Le maire écologiste, Grégory Doucet, s’est dit prêt à une alliance avec LFI au second tour : « Oui, je peux travailler avec Anaïs Belouassa-Cherifi, à certaines conditions. Non, on ne désarmera pas la police municipale. Dans ma majorité, il n’y aura personne impliquée de près ou de loin dans des actes de violences ».

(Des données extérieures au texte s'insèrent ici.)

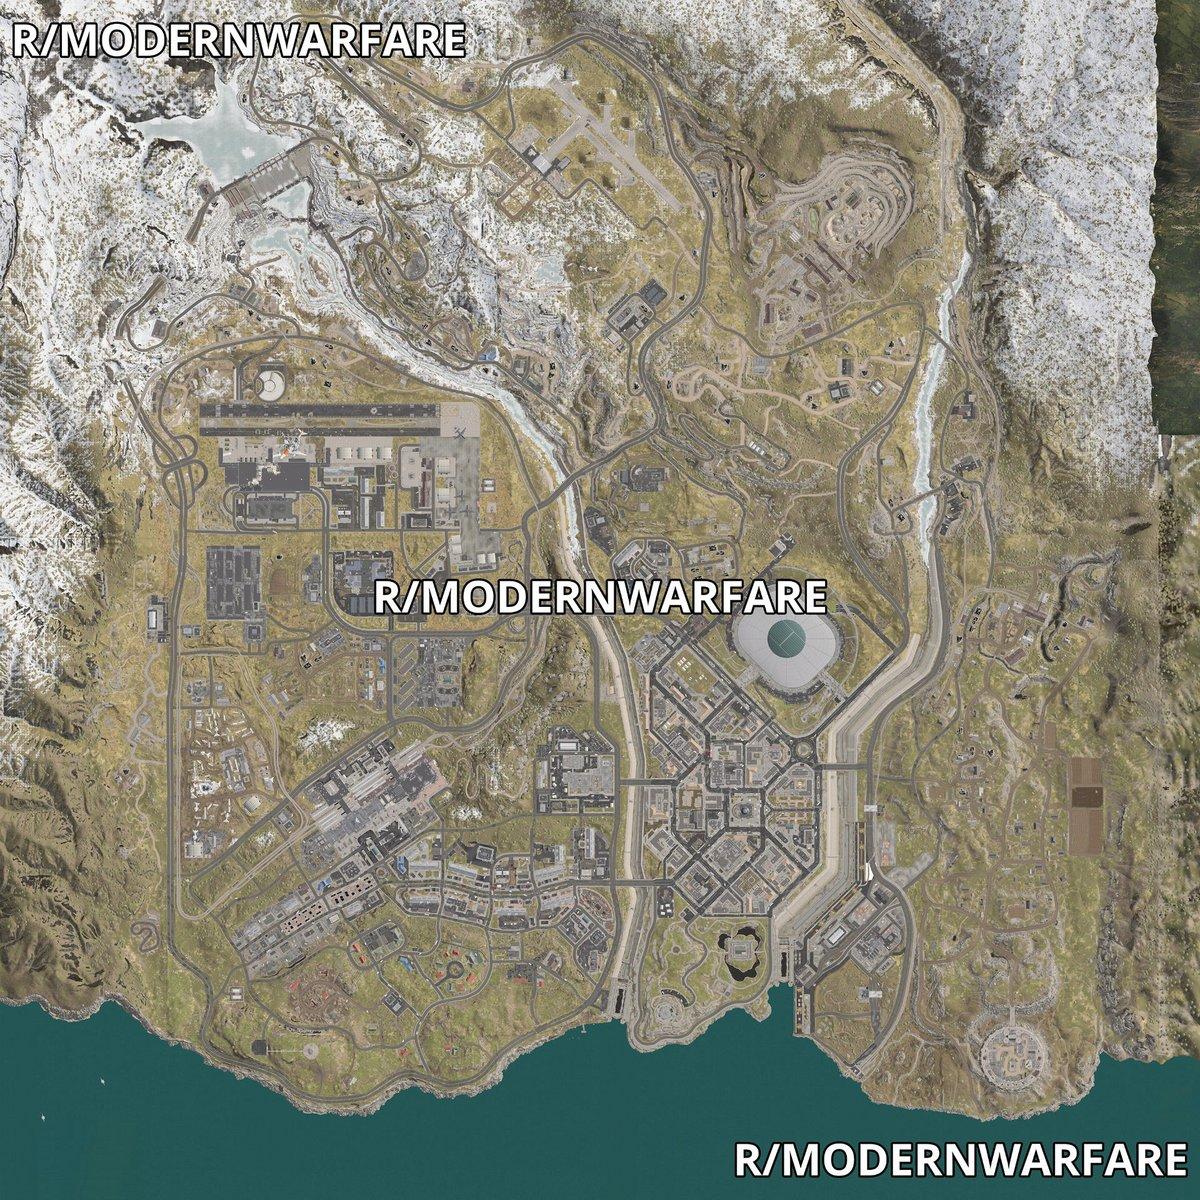 Call of Duty Modern Warfare battle royale map

Anaïs Belouassa-Cherifi a quant à elle ajouté : «Ma priorité est que monsieur Aulas ne devienne pas le prochain maire de la ville de Lyon. Je ferai tout ce qui est en mon pouvoir pour que ce ne soit pas le cas parce que je pense qu’il n’a pas de programme, ni de projet, ni de vision, ni d’ambitions pour Lyon », rejoignant alors une critique commune à tous les candidats envers Jean-Michel Aulas. « Nous devons faire, s’il est possible, soit un désistement, soit une fusion programmatique sur la base du programme » précise la candidate LFI. « J’écouterai le message que les Lyonnaises et les Lyonnais ont à nous envoyer les 15 et 22 mars », conclut Grégory Doucet.
ZFE et ZTL : un sujet qui divise
Alors que la circulation automobile a baissé de 12% à l’échelle de la ville et de 22% dans l’hypercentre d’après la Ville de Lyon, les candidats se sont exprimés sur la circulation des Lyonnais. « La ZFE ne peut pas être mise en place, s’il n’y a pas les infrastructures nécessaires c’est-à-dire des parkings relais, commence Anaïs Belouassa-Cherifi. À propos de la ZTL, nous sommes favorables à la piétonnisation mais il va falloir revoir le mode de circulation des bus ». Alexandre Dupalais, quant à lui, a réitéré sa position contre la ZFE et la ZTL. « On est contre les méga-travaux, on est pour la paix fiscale et la paix des travaux, déclare-t-il. Je suis pour qu’il y ait une place pour chacun : pour les vélos, pour les automobilistes et aussi pour les piétons, tout le monde ne se déplace pas uniquement en vélo à Lyon, c’est ça la réalité ». Ce à quoi Grégory Doucet a répondu : « Les gens ont envie de faire du vélo et on a simplement développé les infrastructures pour qu’ils puissent le faire en toute sécurité ». Le maire sortant a par ailleurs précisé que « l’accidentologie a été divisée par deux en trois ans et le nombre d'accidents a baissé de 54% ». Jean-Michel Aulas, lui, lance : « Grégory Doucet pense très fort à un certain nombre de choses qui ne se réalisent pas » avant de préciser « je suis contre la ZTL mais je ne pense pas qu’on puisse tout détruire, il faut l’aménager ».